For 400 years prior to World War I, Palestine was controlled by the Ottoman Empire. Although the Turks generally allowed Jews to live in peace, by the late 19th century, the government of Palestine had grown inefficient and corrupt. And while they permitted the sale of land to Jews, these lands had been controlled by absentee landlords who had generally stripped their properties of their natural resources. Taxation was exorbitant. Local officials and Arab marauders often harassed Jewish settlers.
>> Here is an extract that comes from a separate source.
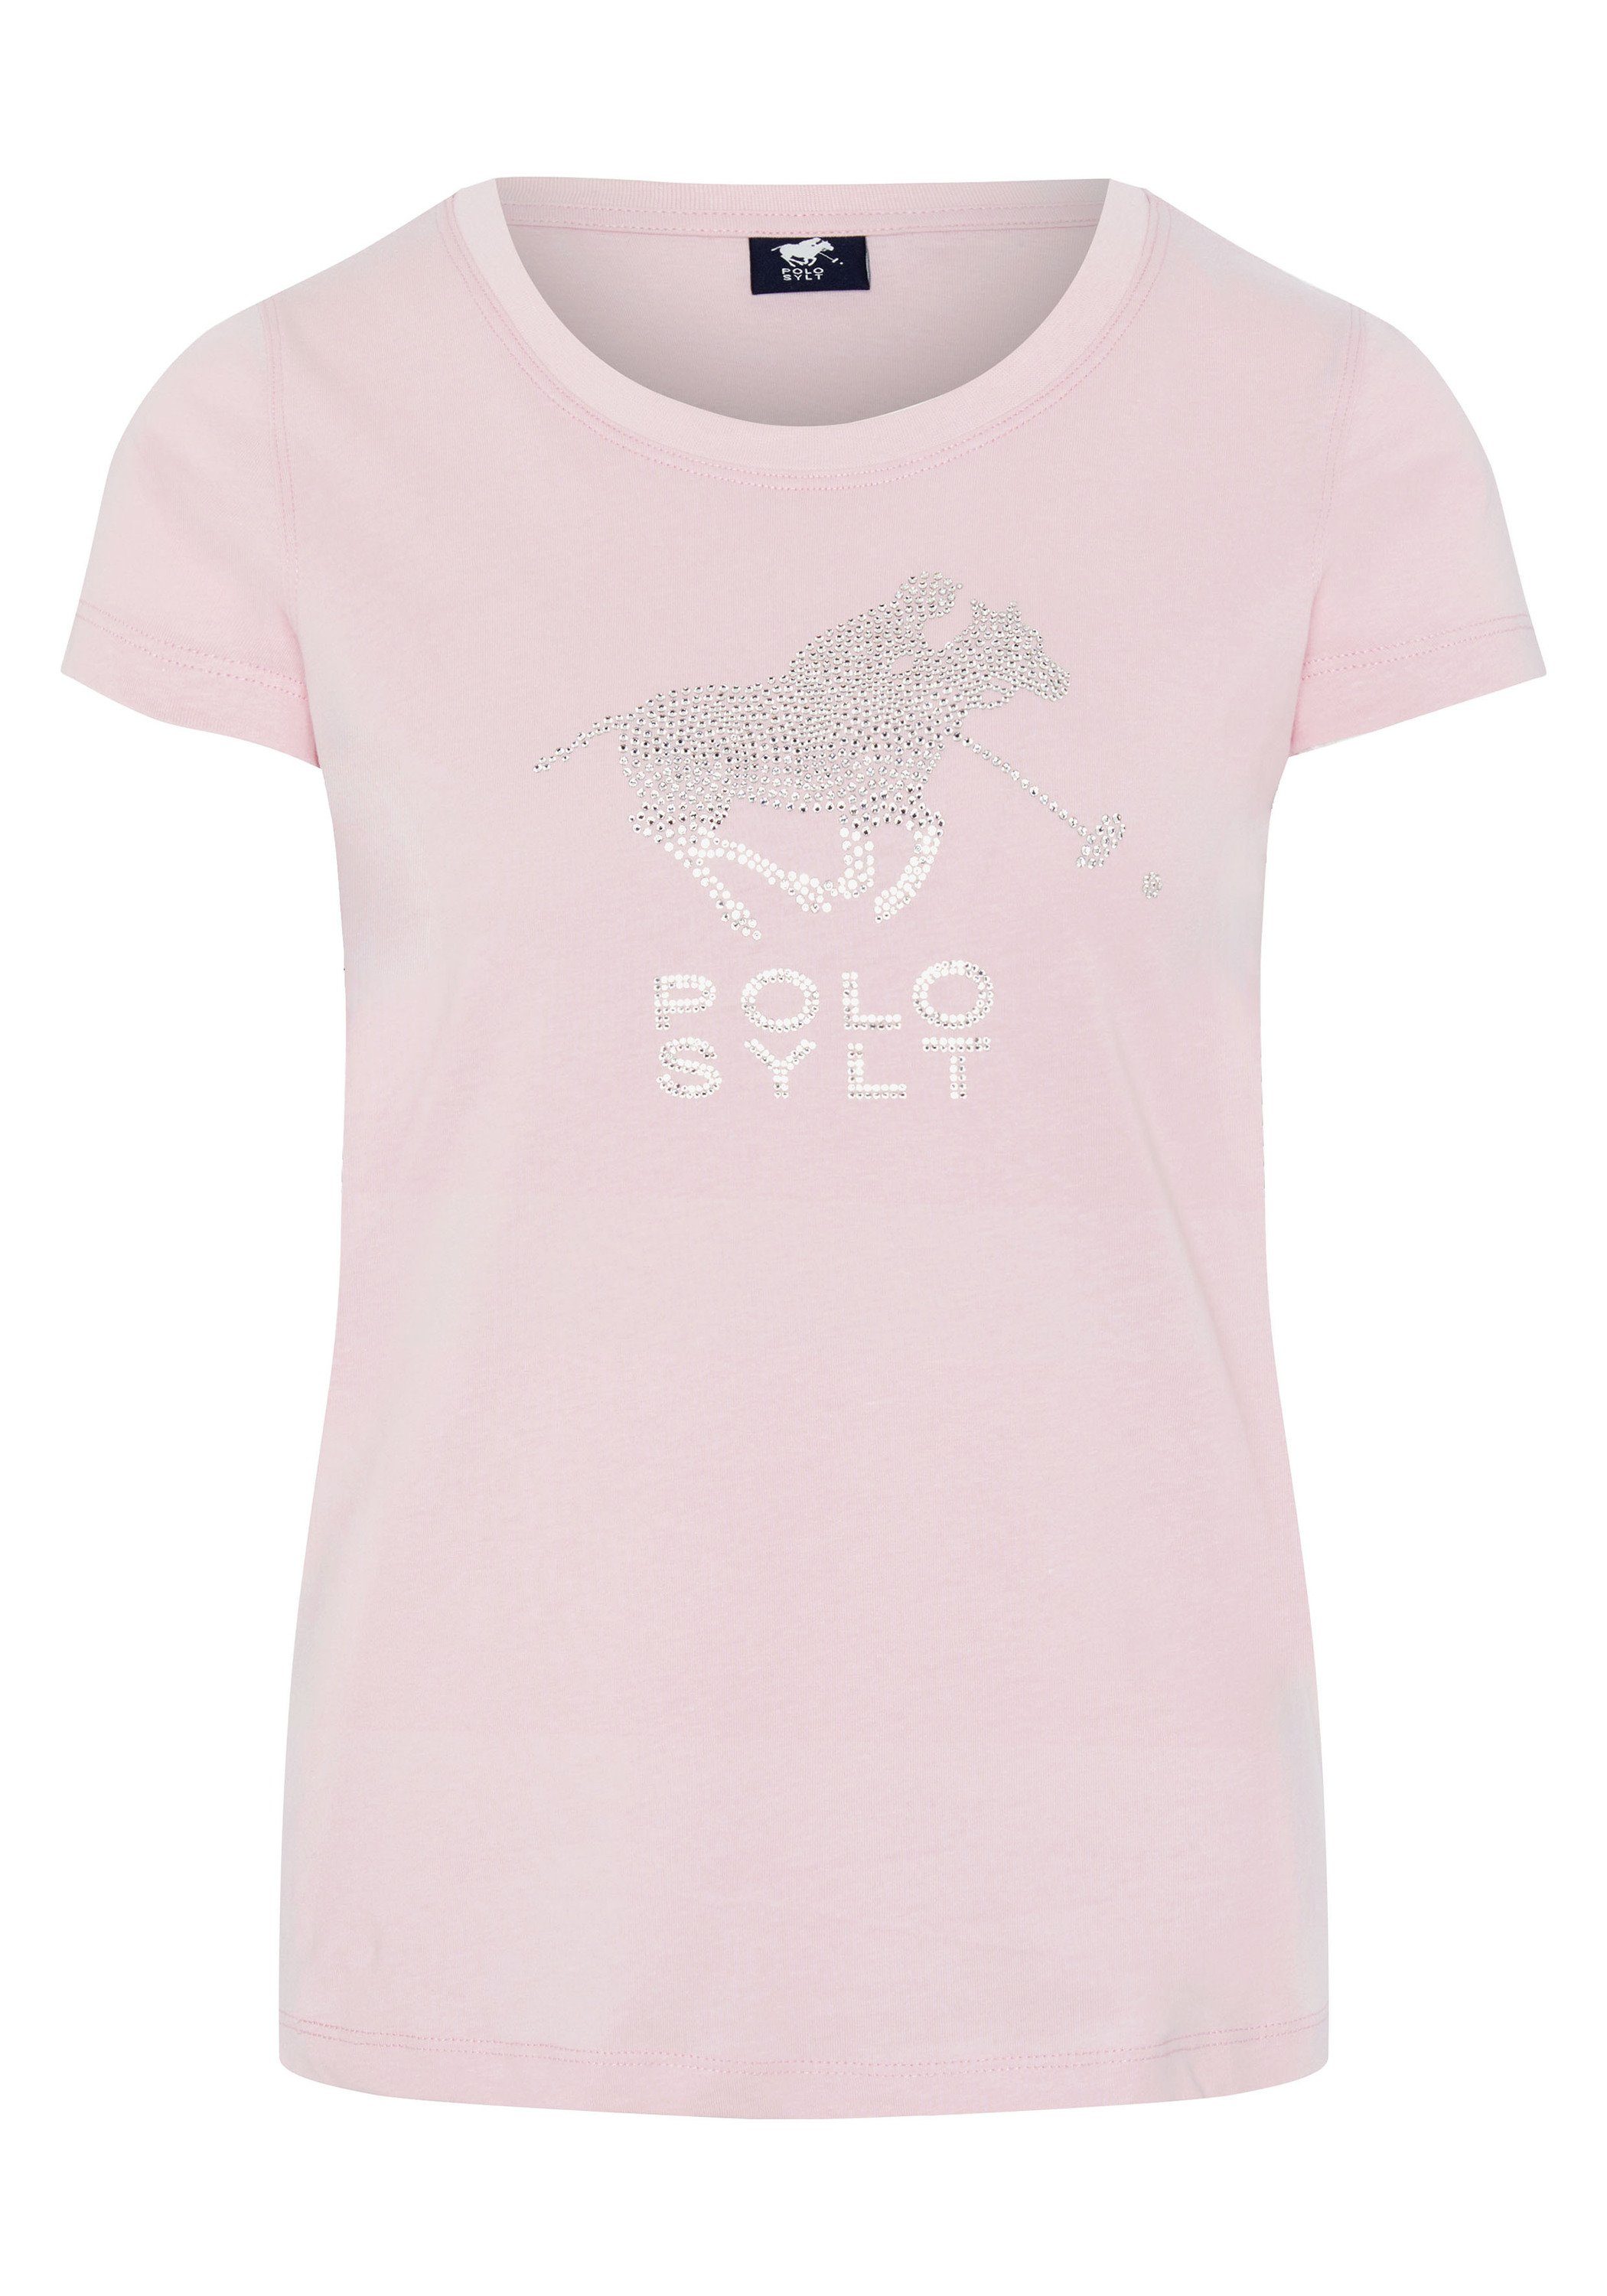 T-Shirt Strasssteinen 13-2806 edlen Lady Sylt mit Pink Polo
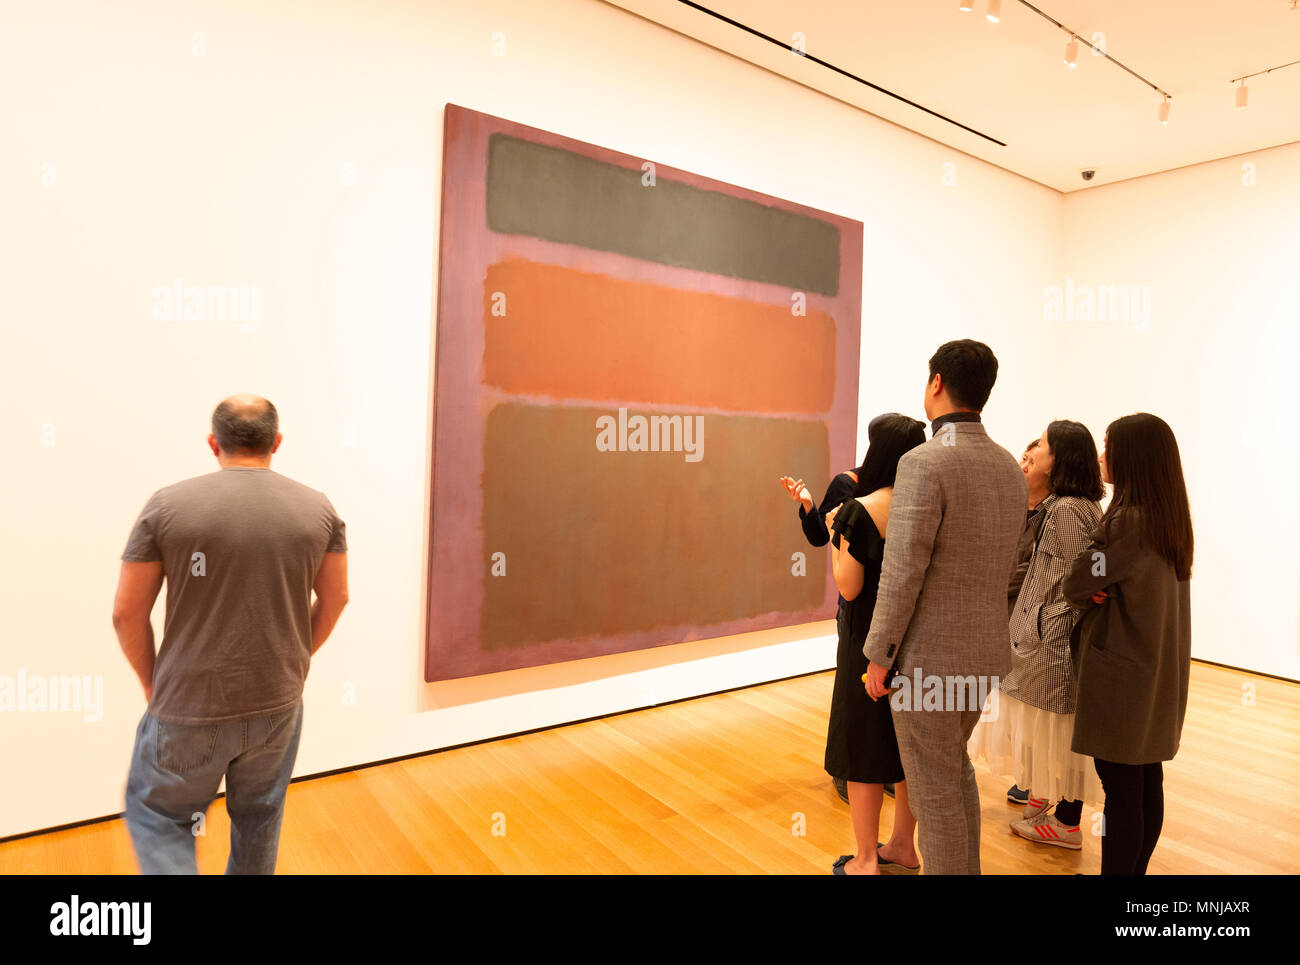 MoMA New York - personnes regardant une peinture de Mark Rothko, Museum of Modern Art, New York, United States Banque D'Images

Since Great Britain had previously expressed support for Jewish settlement, the Jews of Palestine hoped for an allied victory. In Zichron Ya’akov, a small northern town, a few Jews did more than hope. Aaron Aaronson and his two sisters, Sarah and Rebecca, used Aaron’s position as a world-renown agronomist as a cover to run a spying operation known as NILI (Netzach Yisrael Lo Yeshaker, the Eternal One of Israel will not lie–I Samuel 15:29). Along with Avshalom Feinberg and Joseph Lishansky, and others, the Aaronsons traversed the country, supposedly gathering information on locust infestation.
At first, the British were not interested in the information supplied by NILI. By 1917, however, NILI was communicating with a British frigate anchored off shore using light signals. They later switched to homing pigeons, and this was their undoing.
In the Fall of 1917, one such pigeon took a rest stop on the roof of an Ottoman official’s home. The message’s code was broken, NILI headquarters in Zichron Ya’akov were raided, and the spies caught and tortured. Sarah Aaronson committed suicide in Turkish captivity. Only Aaron Aaronson escaped capture.
Their work, however, gave General Edmund Allenby the information he needed to strike from the south, through the desert, at Be’er Sheva, leading directly to British victory. The victory occurred just one month after the capture of the NILI operatives.